Krister buscó una página y Marcus puso el dedo encima de la imagen del zorro.

—Sigue —pidió.

«—Y además, ¡mira! ¿Ves allá abajo los campos de trigo? Yo no como pan y por lo tanto el trigo es para mí algo inútil. Los campos de trigo no me recuerdan nada y eso me pone triste. ¡Pero tú tienes los cabellos dorados…!».

—Tú no tienes pelo —dijo Marcus.

—No, pero tú sí —respondió Krister liberando una mano para acariciarle el pelo al niño.

«No te encariñes», ordenó firmemente a su corazón cuando pasó la mano por el suave pelo. Siguió leyendo.

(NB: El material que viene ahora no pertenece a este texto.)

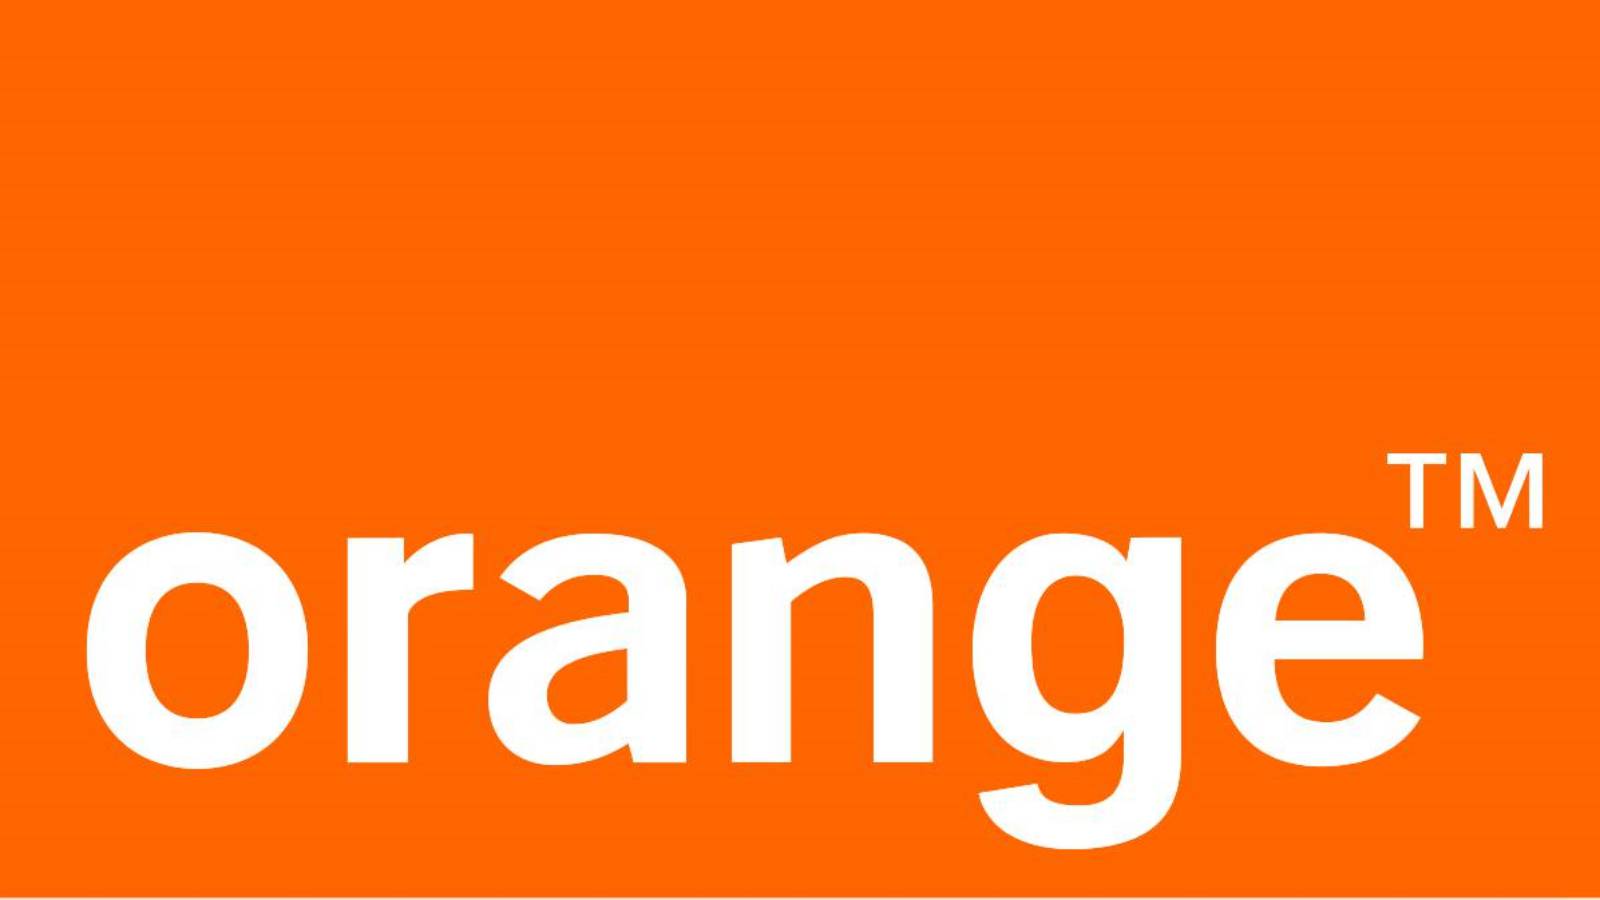 ATENTIONARE Orange ALERTEAZA Milioane Clienti Romani

«—¡Pero tú tienes los cabellos dorados y será algo maravilloso cuando me domestiques! El trigo, que es dorado también, será un recuerdo de ti. Y amaré el ruido del viento en el trigo…».

Marcus miró la imagen del zorro otra vez. Después pasó las hojas hasta el lugar donde estaba el texto.

«—El zorro se calló y miró un buen rato al Principito:

»—Por favor…, domestícame —le dijo.

»—Bien quisiera —le respondió el Principito— pero no tengo mucho tiempo. He de buscar amigos y conocer muchas cosas.

»—Sólo se conocen bien las cosas que se domestican —dijo el zorro—. Los hombres ya no tienen tiempo de conocer nada. Lo compran todo hecho en las tiendas. Y como no hay tiendas donde vendan amigos, los hombres ya no tienen amigos. ¡Si quieres un amigo, domestícame!».